Regarding local gunmakers seeing something and copying it- this has never been documented. Dickert saw a lot of guns. So did Oerter, JP Beck, J&S Hawken, Dimick, etc. We don’t see J&S Hawken rifles with English buttplates. We don’t see JP Beck rifles with stepped wrists or Roman noses. Makers did not copy something they saw. Can’t find one example.
Whoa there hoss!! You been drinking espresso this morning? Better switch to the caffeine-free coffee. LOL
You don't see the "English sporting rifle" that Jacob Kunz copied into this rifle?
Or how about the other "English sporting rifle" that J. Joseph Henry copied into this rifle?
Both Henry and Kunz made rifles in the style of the Philadelphia School. The identifying characteristic of the Philadelphia School is the pineapple finial as seen on the trigger guard of the JJ Henry marked rifle above.
The Philadelphia gun makers copied the pineapple finial directly from the English.
You mention Dickert, Oerter, and Beck. I'll throw Andreas Albrecht in there, too. We know of no direct connection between Dickert and Albrecht or Oerter, but we see a lot of characteristics in Dickert's carving that appear on Albrecht attributed rifles as well as the one surviving signed rifle. Somebody surely was copying somebody there.
Isn't the existence of identifiable "schools" evidence that gun makers in that school were "copying" each other? I don't know who first used the "daisy" patch box, but it sure looks like a lot of gun makers copied it on their rifles.
Isn't there also evidence of a gun maker who was trained and worked in one area or school that moved to another area and adopted or copied characteristics of that school in his rifles?
Jacob Kunz may be a good example of this having lived and worked in the Lehigh Valley area of eastern Pennsylvania before he moved to Philadelphia in 1810. This is the Kunz rifle in the Metropolitan Museum in New York which is very much in the Lehigh Valley school and different than his later Philadelphia school rifles or the half stock flintlock pictured above.
You say, "We don’t see J&S Hawken rifles with English buttplates." But don't we see J&S Hawken rifles with English scroll trigger guards?
Hanson went through
Missouri Republican newspapers from 1823 to 1840 to "glean any real idea of the nature and extent of the goods offered by the many merchants of St.
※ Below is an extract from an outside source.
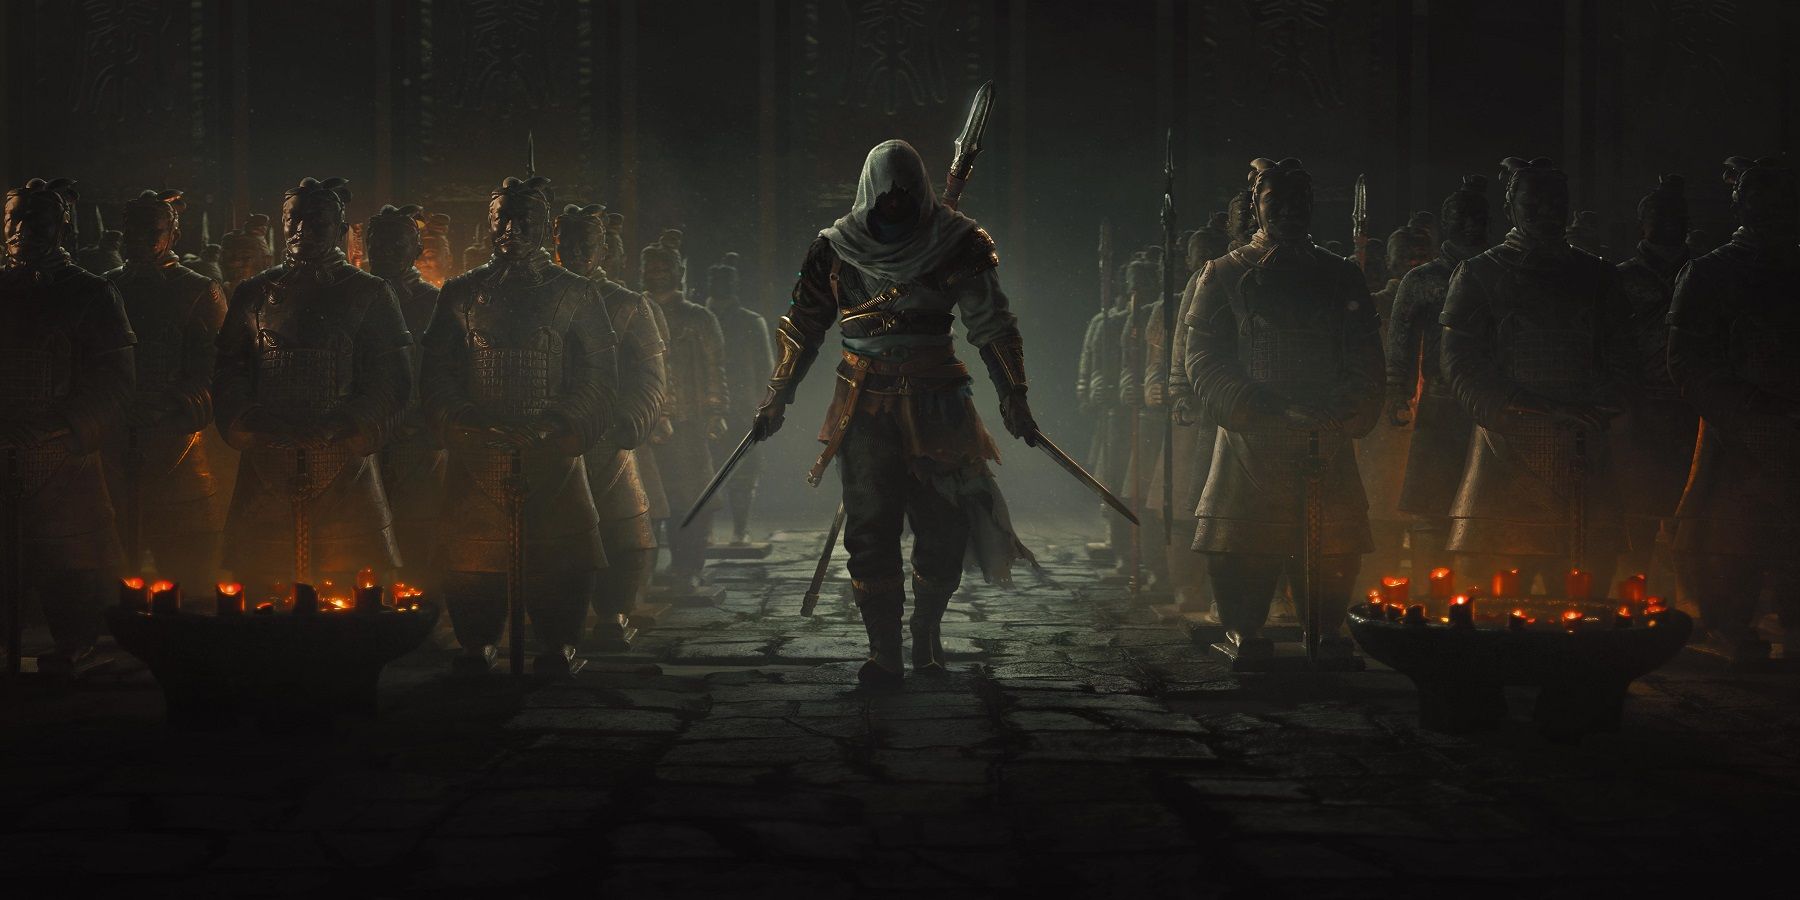 Assassin's Creed 2's Sanctuary presenta un vínculo sutil con el próximo Assassin's Creed Codename Jade.

Louis." Here is a scan of a page from his book showing some of the ads he found. There are lots of references to English, French, and even German guns in the ads. Note the April 9, 1833 ad for Leverett & Thomas of New York that offered English guns varying from $4 to $100. A NW trade gun cost AFC about $4, but it's hard to imagine what a $100 (in 1833 dollars) gun looked like. Another interesting ad is the one for Bentzen & Kloppenburg on Nov. 14, 1834 that lists English, French, and German double and single barrel guns and rifles.
Maybe we're talking semantics here. You may find "copied" too strong a word. "Incorporated in" or "influenced by" may be more acceptable to you.
There is ample evidence that English sporting guns and rifles were imported into the US and found their way to St. Louis where the Hawken brothers would have been exposed to them. I think they also had indirect English exposure from guns and gun parts made in Philiadelphia and marketed in St. Louis. Tryon was a major wholesaler of gun parts. The patch boxes on the Medina Hawken and the Leonard Hawken, for example, are like commercial patch boxes that Tryon marketed.
The style of breech bolster on this Henry Deringer rifle made in 1829 is very similar to some we see on J&S Hawken rifles and was probably copied from English guns.